The lobby is pure magic, unexpected in its location and even more so in its layout. Its identifying feature is a 13-meter long table — made to measure in brass with baroque ornaments — which traces a path lengthwise through the room while serving the functions of receiving guests, serving as a breakfast buffet, bar and delightful meeting place in the evenings, open to the public.

The warm dark blue hues intensify the atmosphere’s evocative power and combine with the smoked oak of the floor in contrast to the royal brass of the finishes and furnishings; this color also gave the name of the “Blaue Brigitte” venue (named in honor of the property’s owner as well).

“The decision to invert the routes of the hotel turned out to be a success on both a conceptual and compositional level. On the one hand, it creates a sense of surprise; there is no better start to a journey through time than to break with the life flowing in the streets of Innsbruck,” continues the architect. “On the other, it optimized the layout of the spaces in a building with considerable historical constraints; having the lobby and the bar on the sixth floor, and addition to the original volume, made for a well-lit, functional space with an urban character.”

The penthouse’s bay windows and glass niches that light up comfortable rest spaces to enjoy a view of the city make it a triumph of timelessness; pieces from different style periods create a varied mix but carefully coordinated by harmonious colors, carrying guests away from the present day. Here the “Chic Shock Baroque” design theme is most clearly expressed. “That motto is a wink to the Baroque, which inspired us for the interior design, in the sense of being excessive, opulent, eclectic. But everything is studied in its color down to the detail, no room is made for minimalism.” This goes for the rooms too (which can be accessed from the lower floors) and are given a specific identity by their color.

The rooms have Gothic ceilings, arches and rooms of different heights, another challenge for Noa*, given the building’s unusual configuration. “It was a tailoring job, in which we explored, room by room, the possibilities for redesigning and redistributing spaces without harming the structure.”

Some rooms overlook the street, others onto the internal courtyard (with patios or balconies); in the central part of the building without windows, the rooms are lit by a shaft of light between the first and sixth floors that lets natural light filter into the rooms and have a small private terrace with plant life. These are the green rooms, like the “Superpatio” furnished in jungle style.

There are red ones (including the “Mozart Suite” on the second floor, in honor of the composer who stayed here), which are a little more spacious than the light blue ones; and dark blue rooms with balconies, and gray ones, which are furnished as double rooms. The third floor holds the smallest room of all, christened “the broom closet,” left deliberately unfinished, the only corner of the hotel “without style.”

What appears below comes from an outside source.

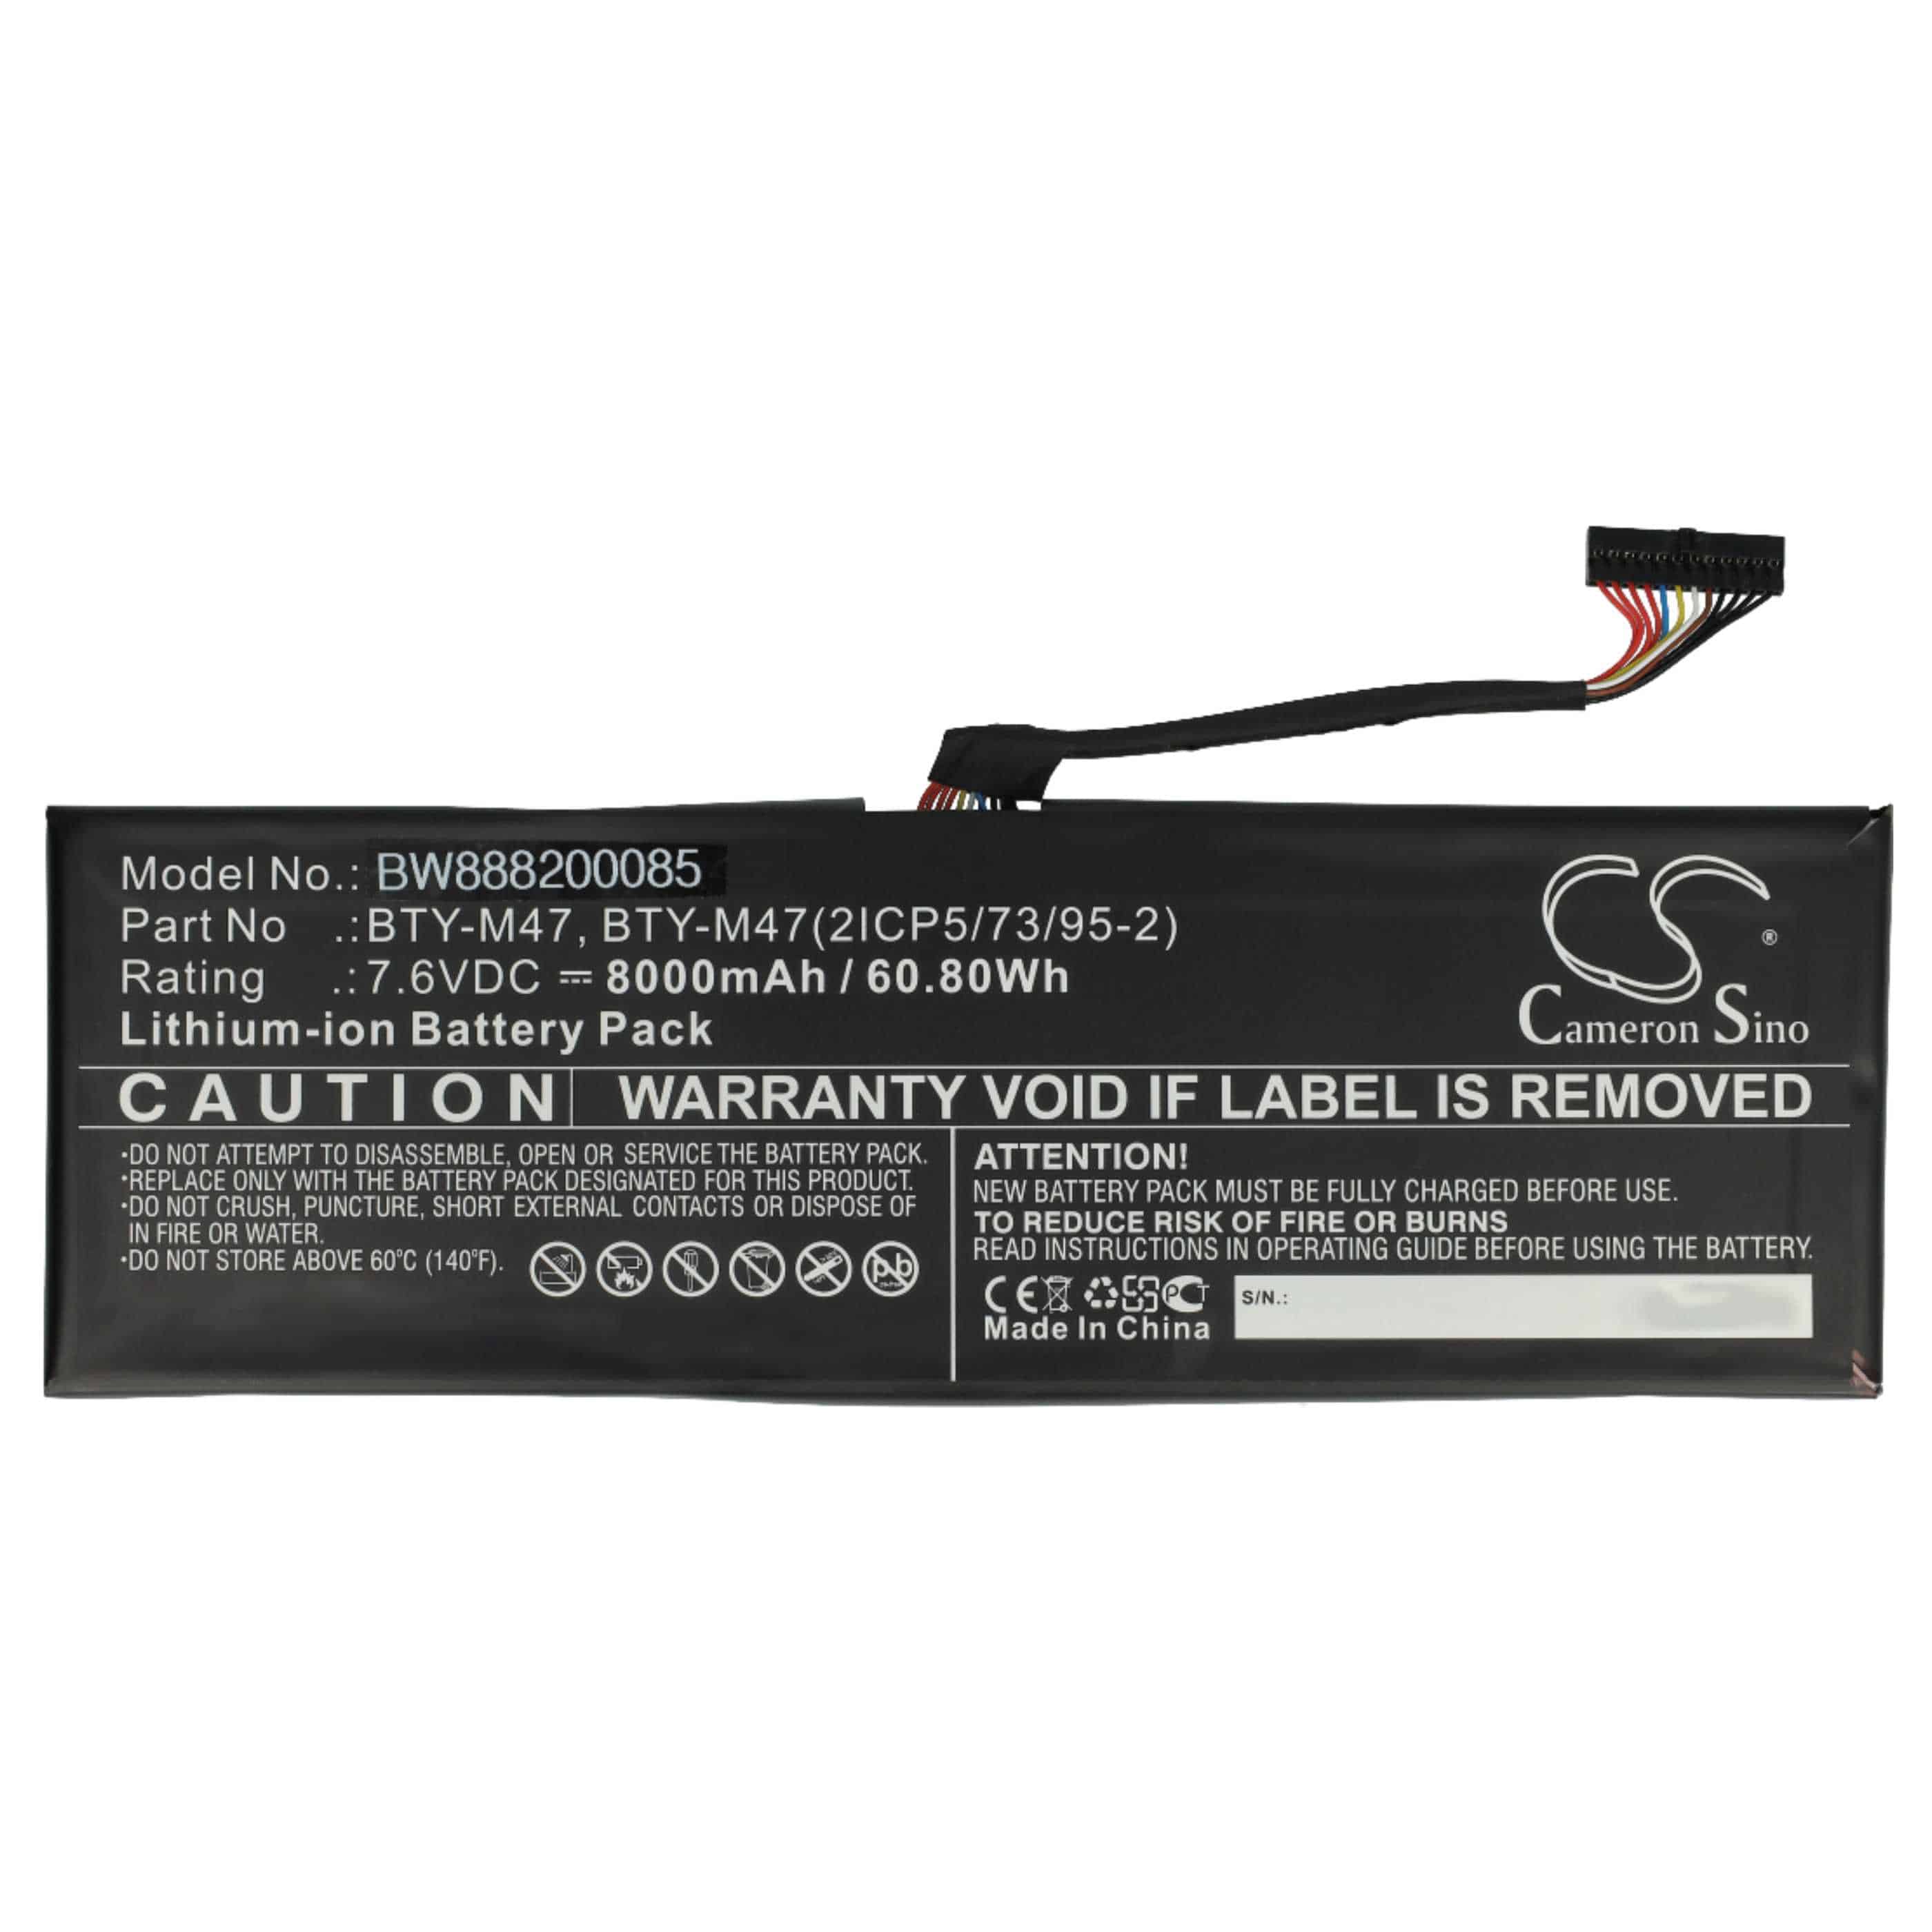 Notebook Battery Replacement for MSI BTY-M47, BTY-M47(2ICP5/73/95-2) - 8060mAh 7.6V Li-Ion, black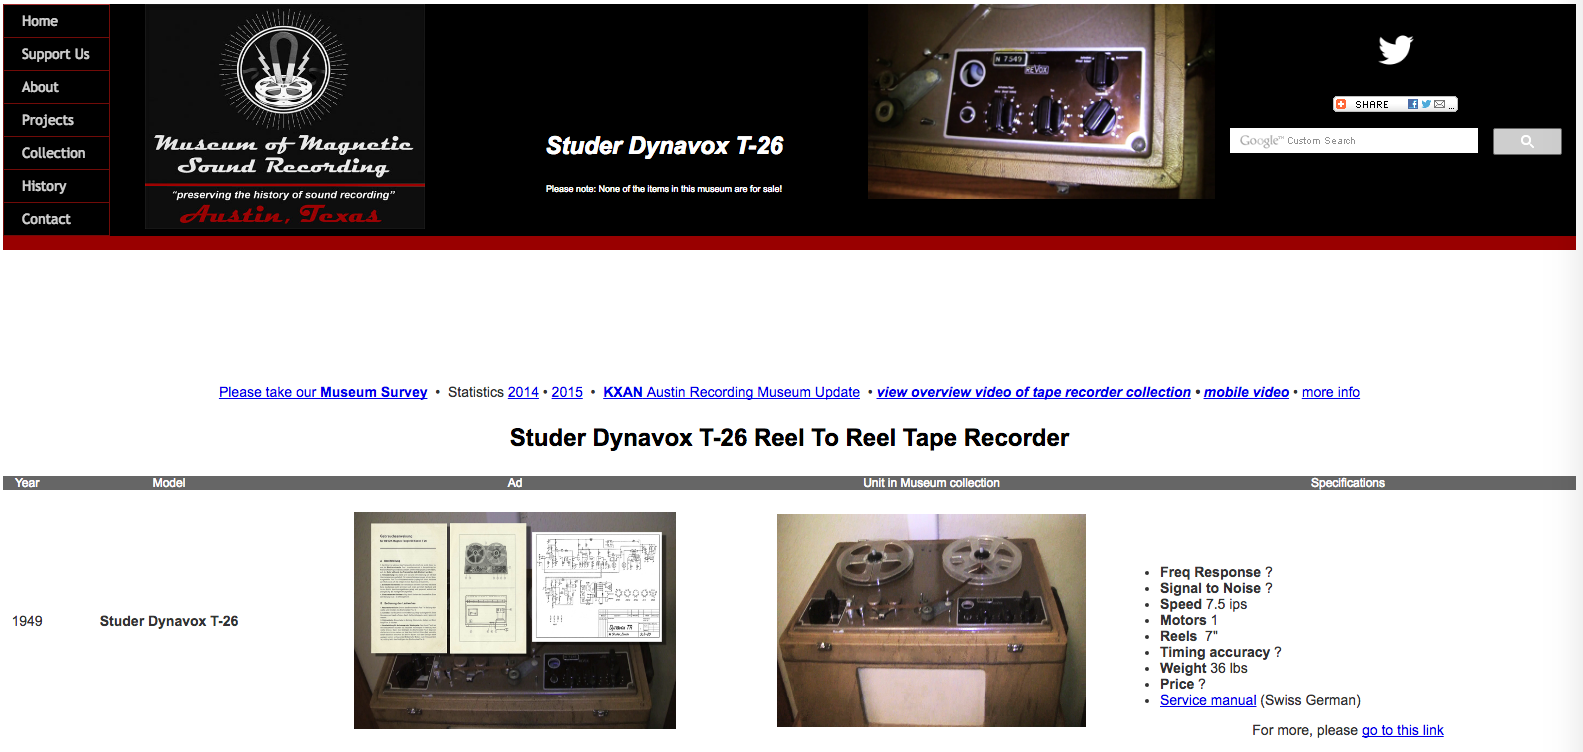 Reel to Reel Tape Recorder Manufacturers - TEAC corporation • Tascam -  Museum of Magnetic Sound Recording

The fourth floor with another ten rooms extends to an adjacent building, known as “Frank House,” which includes the “Golden Roof” with opulent golden furnishings: a tribute to Innsbruck’s famed Golden Roof, clearly visible from the bay window. Everything in the decor and furnishings, from the carpet to the tiles, the painting to the curtains, and the furniture, are in the same hues. Baroque style lives in the details here: a leg of the sink or a chest of drawers, accessories, photographs on the walls.

“Right from the start, we asked ourselves how we could revive a past that no longer exists. Barry Kosky’s art gave us the inspiration we needed on how to recreate a distant world. Kosky uses projections to stage a living musical theater; likewise, we as architects and interior designers have used the means in our possession, through colors, lights, mirrors, paths, to create surreal spaces.”